After possibly violating state open meetings law last week, the Columbus Convention and Visitors Bureau appointed a committee Monday to look at hiring a board attorney.
The board voted unanimously to make Interim Executive Director Nancy Carpenter head of the committee, which also includes board members Mark Castleberry and Nadia Dale.
They will look over the CVB”s finances and needs to determine whether the board needs an attorney, and if so, whether he or she should be employed full-time or only as needed.
A board attorney would answer any legal or procedural questions, attend the CVB board”s monthly meetings and handle litigation, among other duties.
A deadline for the committee”s investigation and recommendation was not set at the special meeting Monday, which was called by Chairwoman Whirllie Byrd.
In discussion about an initial motion to hire an attorney, some board members questioned whether it would be simpler and cheaper to have an open meetings specialist — possibly from law schools, the Mississippi Bar Association or public policy centers — explain the finer points of the law.
“We just want to get it right,” said CVB board treasurer and secretary Bart Wise.
Carpenter has already contacted Mississippi State University officials about holding a training seminar, she said.
“All of us need, as (board members) said last night, training to serve on a public board,” Carpenter said.
Byrd said she was “disappointed,” “puzzled” and “disturbed” about why some board members didn”t want to hire an attorney.
“To me, it”s almost a no-brainer,” she said, pointing to other public boards that have attorneys at their meetings.
But attorney DeWitt Hicks Jr., who represents the city”s historic home owners on the board, said he wanted to approach the issue cautiously.
“If we jump to conclusions because of publicity, I think we”d be precipitous,” he said.
He also said there was a “lack of harmony” on the board, and criticized Byrd for speaking for the board — a charge she denied. “I don”t have a dog in this hunt,” she added.
The “publicity” Hicks was referring to were reports of possible open meetings violations by the still-new board that arose at a May 16 meeting.

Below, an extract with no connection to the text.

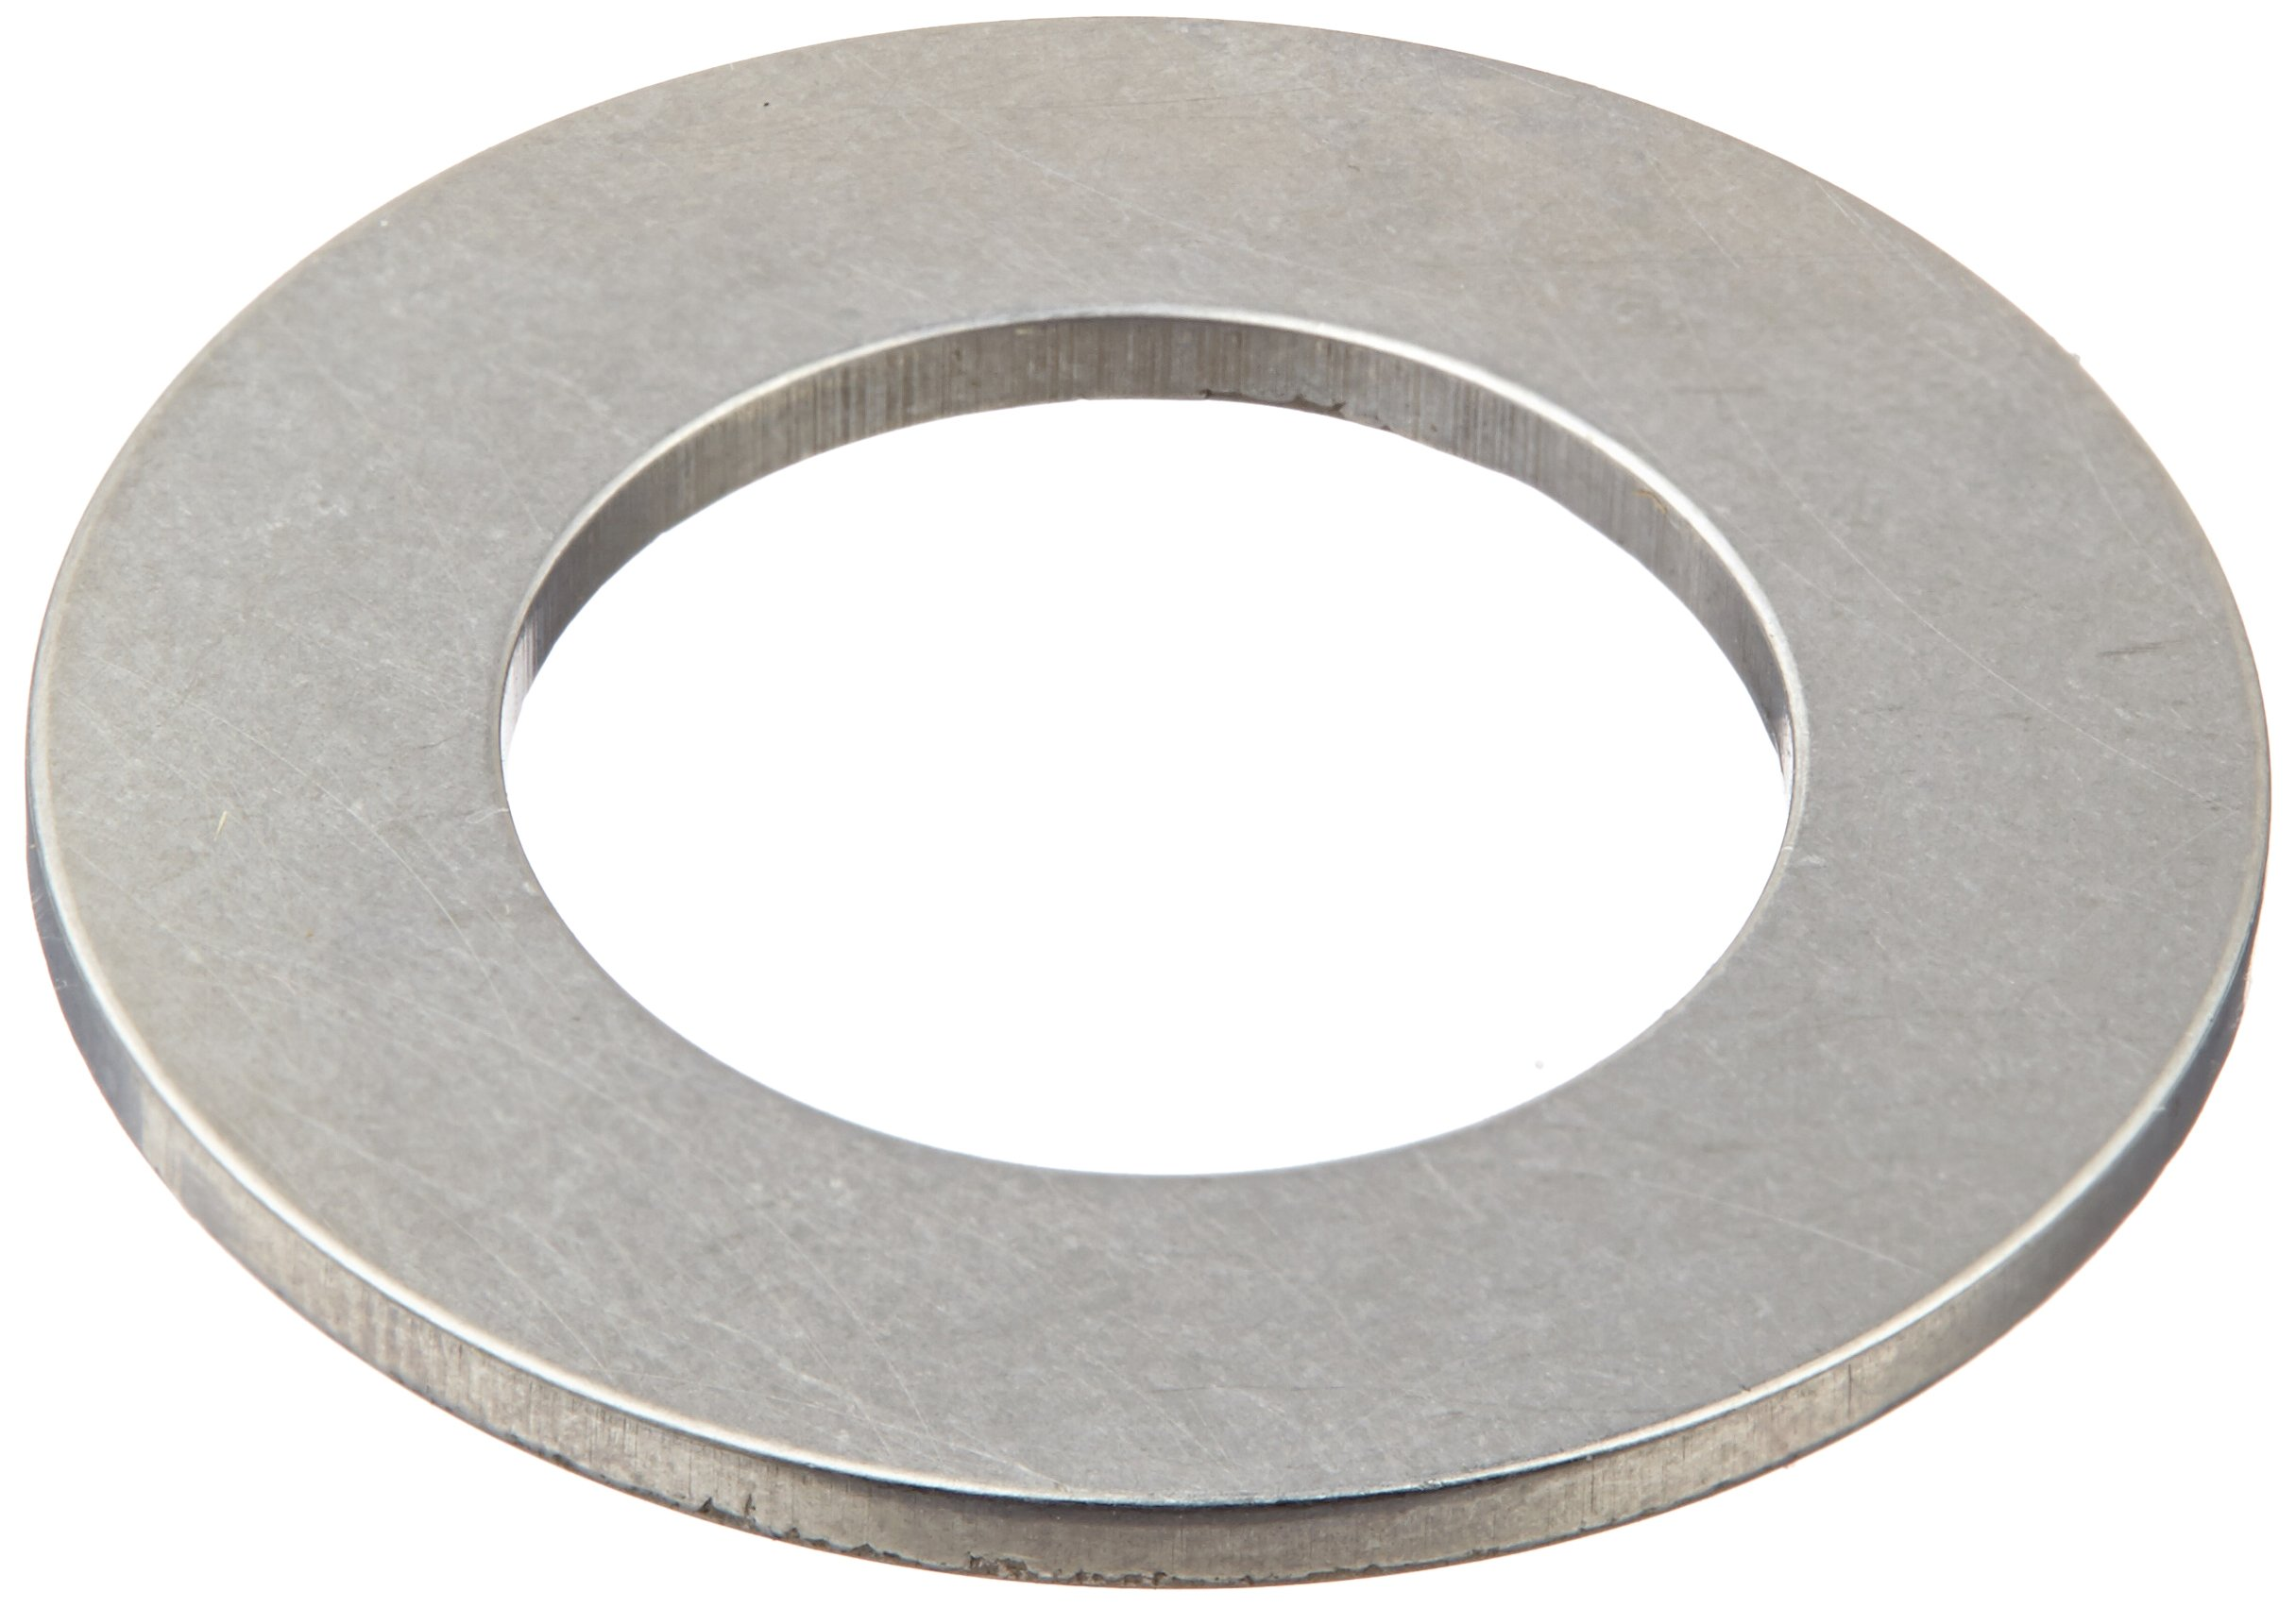 Koyo TRB-1018 Thrust Roller Bearing Washer, TR Type, Open, Inch, 5/8'' ID, 1-1/8'' OD, 1/16'' Width

In that meeting, Byrd began discussion about two “potential litigation” items that had been discussed wrongly, according to her, in executive session April 25.
Mississippi Center for Freedom of Information attorneys agreed with her that both items did not meet the “potential litigation” exception in state law and should have been discussed in public.
The exception should only be used when litigation is “reasonable” or “likely to occur in the foreseeable future,” according to a 1983 Supreme Court opinion in a lawsuit against Vicksburg.
One of those secret items was about asking former board member David Sanders, at attorney with Mitchell, McNutt and Sams, for a partial refund of $17,3320.50 his firm received from the CVB while he was serving on the board.
Some board members wanted a refund for what they said was “duplicated work” between him and another attorney, David Dunn, on legal issues surrounding the acquisition of the new CVB office at College Street and Third Street.
But in that discussion, questions arose about whether Sanders could ethically work for the board. According to state ethics law and the state Ethics Commission, he cannot.
Acknowledging the error, the firm — which had already been in internal discussion about possible violations — returned the whole amount last week after The Dispatch reported the possible ethics violation.
In that same secret session April 25, the board also discussed asking a former CVB executive director, James Tsismanakis, to return some items he took from his office when he left for another job earlier this year. Tsismanakis has since returned the items — which include a plastic, silver-colored harmonica and a framed photograph of himself — to the CVB.
According to MCFOI attorneys, neither of those cases involved threats of immediate litigation.
Board member and local attorney DeWitt Hicks Jr., disagreed. He said he”d spoken to other lawyers and knew from personal experience that the board was in compliance with open meetings law.